MRC Clinical Trials Unit at University College London, London, UK; Centre for Tropical Medicine and Global Health, Nuffield Department of Medicine, University of Oxford, Oxford, UK.
MRC Clinical Trials Unit at University College London, London, UK.
Lancet Infect Dis. 2021 Jun;21(6):e175-e181. doi: 10.1016/S1473-3099(20)30791-X. Epub 2021 Apr 21.
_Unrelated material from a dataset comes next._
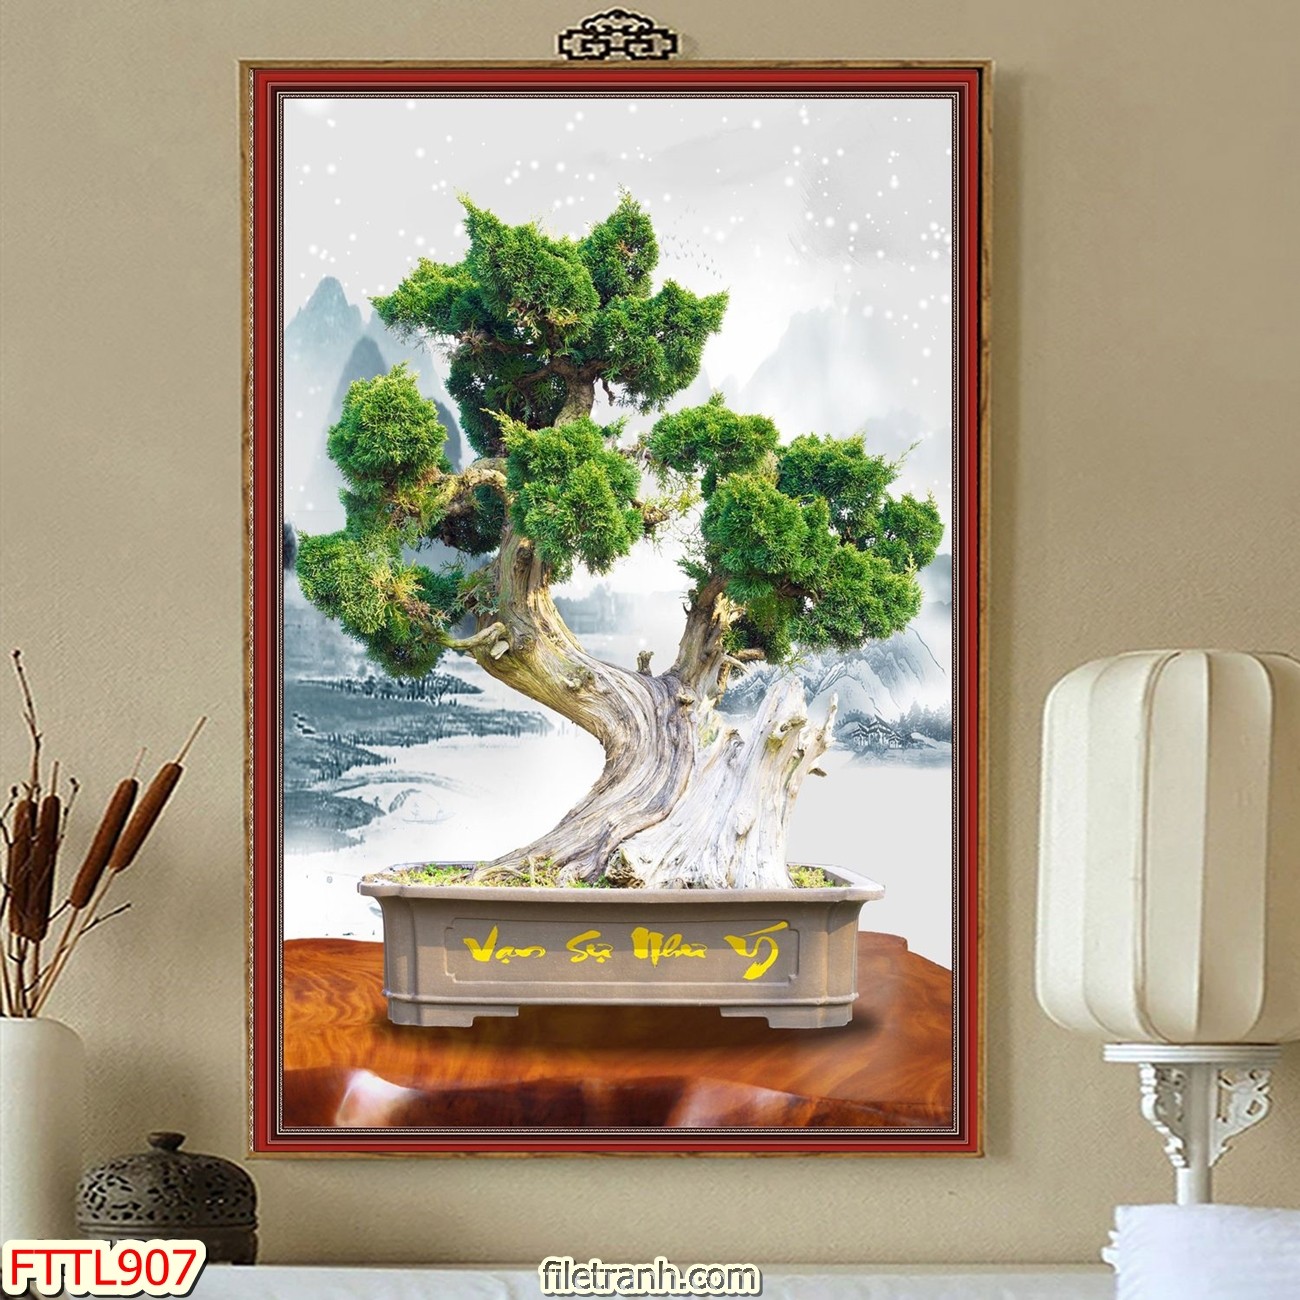 http://filetranh.com/file-tranh-chau-mai-bonsai/file-tranh-chau-mai-bonsai-fttl907.html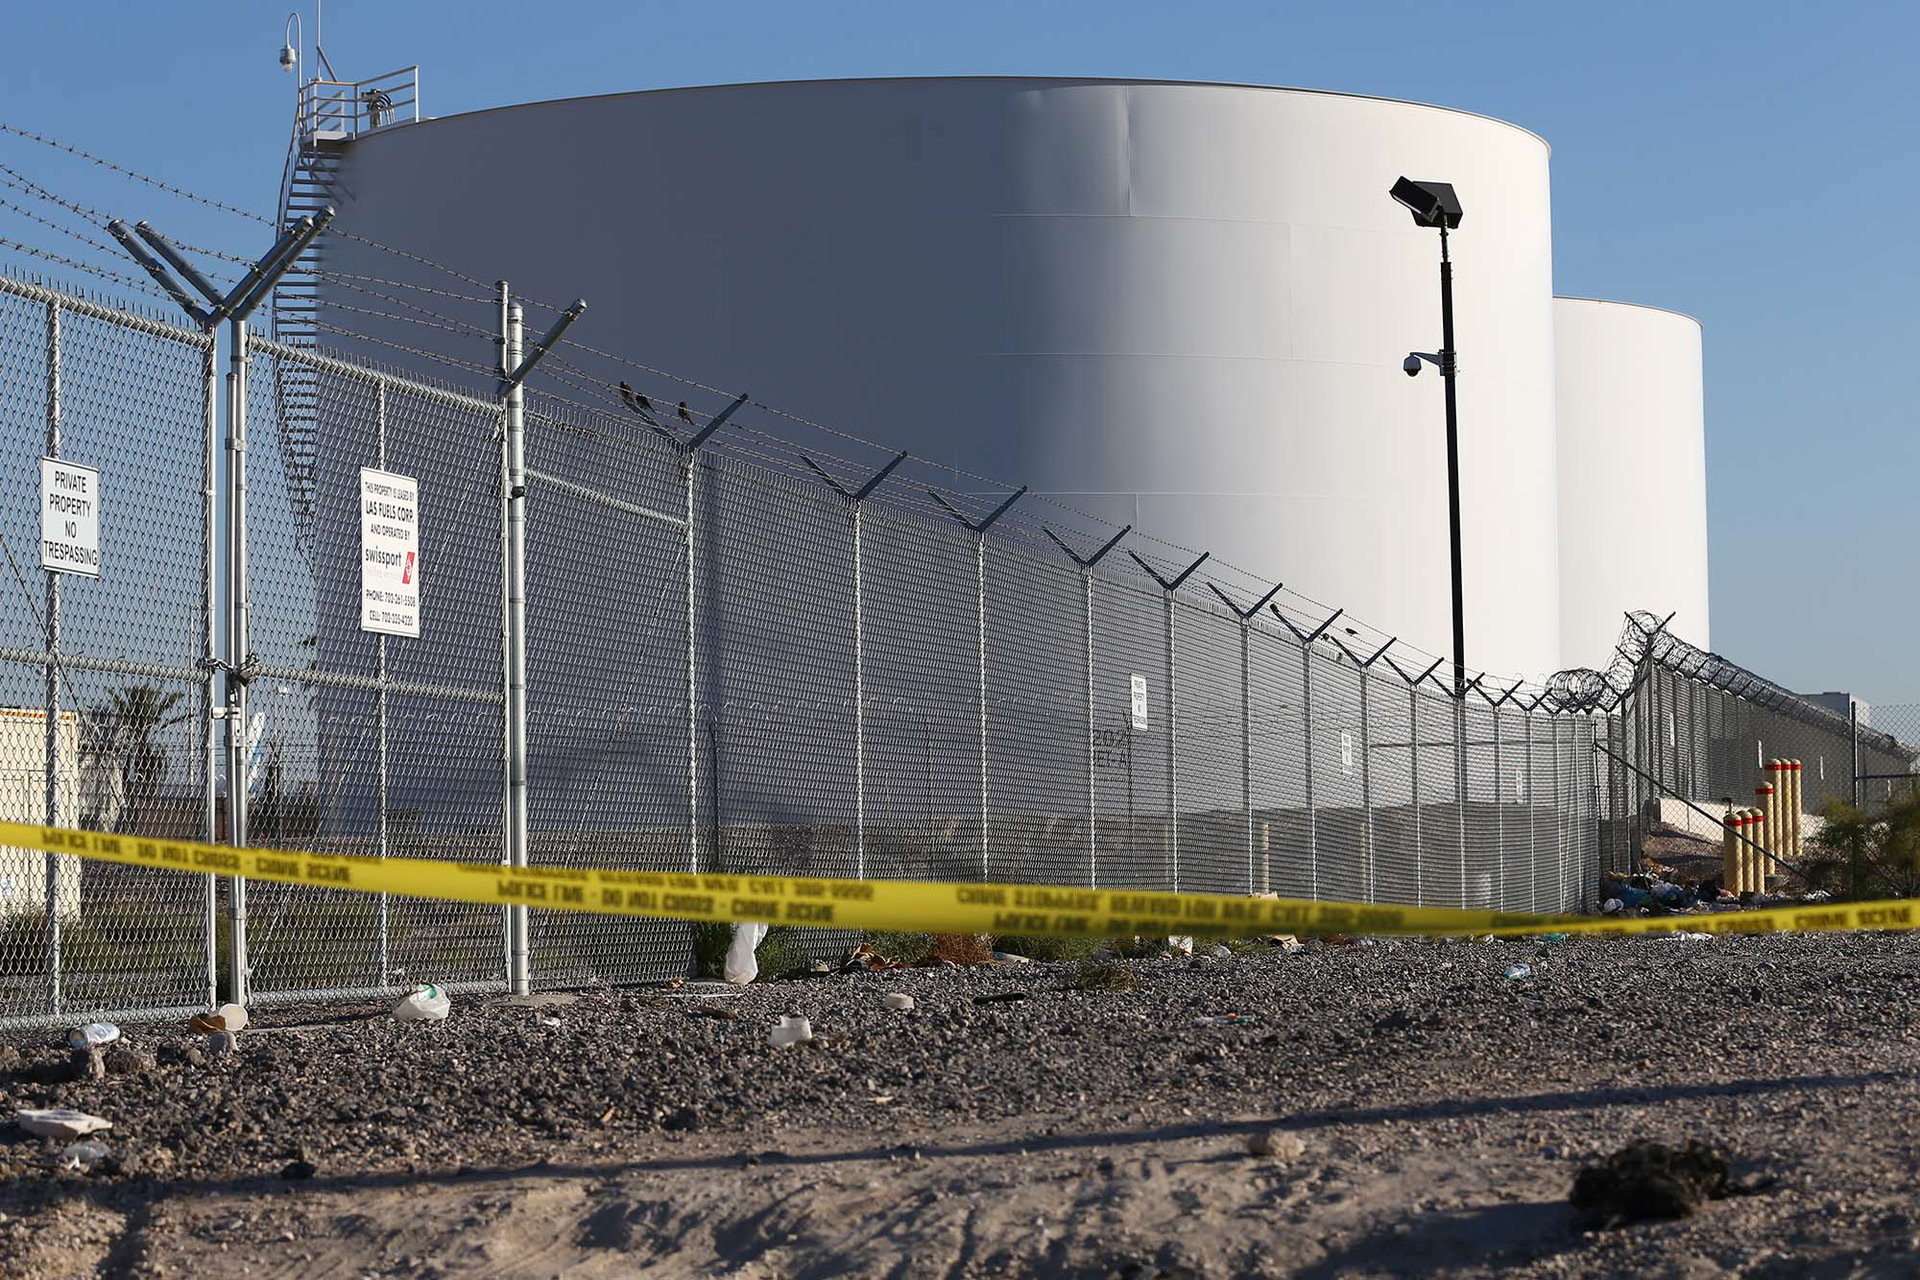 Las Vegas Strip shooter targeted aviation fuel tanks, source says

Antimicrobial resistance is impacting treatment decisions for, and patient outcomes from, bacterial infections worldwide, with particular threats from infections with carbapenem-resistant Enterobacteriaceae, Acinetobacter baumanii, or Pseudomonas aeruginosa. Numerous areas of clinical uncertainty surround the treatment of these highly resistant infections, yet substantial obstacles exist to the design and conduct of treatment trials for carbapenem-resistant bacterial infections. These include the lack of a widely acceptable optimised standard of care and control regimens, varying antimicrobial susceptibilities and clinical contraindications making specific intervention regimens infeasible, and diagnostic and recruitment challenges. The current single comparator trials are not designed to answer the urgent public health question, identified as a high priority by WHO, of what are the best regimens out of the available options that will significantly reduce morbidity, costs, and mortality. This scenario has an analogy in network meta-analysis, which compares multiple treatments in an evidence synthesis to rank the best of a set of available treatments. To address these obstacles, we propose extending the network meta-analysis approach to individual randomisation of patients. We refer to this approach as a Personalised RAndomised Controlled Trial (PRACTical) design that compares multiple treatments in an evidence synthesis, to identify, overall, which is the best treatment out of a set of available treatments to recommend, or how these different treatments rank against each other. In this Personal View, we summarise the design principles of personalised randomised controlled trial designs. Specifically, of a network of different potential regimens for life-threatening carbapenem-resistant infections, each patient would be randomly assigned only to regimens considered clinically reasonable for that patient at that time, incorporating antimicrobial susceptibility, toxicity profile, pharmacometric properties, availability, and physician assessment. Analysis can use both direct and indirect comparisons across the network, analogous to network meta-analysis. This new trial design will maximise the relevance of the findings to each individual patient, and enable the top-ranked regimens from any personalised randomisation list to be identified, in terms of both efficacy and safety.
抗菌药物耐药性正在影响全球范围内细菌感染的治疗决策和患者预后,碳青霉烯类耐药肠杆菌科、鲍曼不动杆菌或铜绿假单胞菌感染尤其构成威胁。这些高度耐药感染的治疗存在许多临床不确定性,但设计和开展碳青霉烯类耐药细菌感染治疗试验存在巨大障碍。这些障碍包括缺乏广泛可接受的优化标准护理和对照方案、抗菌药物敏感性和临床禁忌不同,使得特定干预方案不可行,以及诊断和招募挑战。目前的单一比较试验设计无法回答世卫组织确定的紧迫公共卫生问题,即从现有选择中,哪些方案是最佳方案,能显著降低发病率、成本和死亡率。这种情况与网络荟萃分析类似,后者在证据综合中比较多种治疗方法,以对一组现有治疗方法中的最佳治疗方法进行排名。为了解决这些障碍,我们建议将网络荟萃分析方法扩展到患者的个体随机分组。我们将这种方法称为个性化随机对照试验(PRACTical)设计,该设计在证据综合中比较多种治疗方法,以确定总体而言,在一组现有治疗方法中,哪种治疗方法最好推荐,或者这些不同治疗方法如何相互排名。在本个人观点中,我们总结了个性化随机对照试验设计的设计原则。具体来说,对于危及生命的碳青霉烯类耐药感染的多种潜在治疗方案网络,每个患者仅随机分配到当时认为对该患者临床合理的方案,包括抗菌药物敏感性、毒性特征、药代动力学特性、可用性和医生评估。分析可以使用网络内的直接和间接比较,类似于网络荟萃分析。这种新的试验设计将最大限度地提高研究结果对每个个体患者的相关性,并能够根据疗效和安全性确定任何个性化随机分组列表中的排名最高的方案。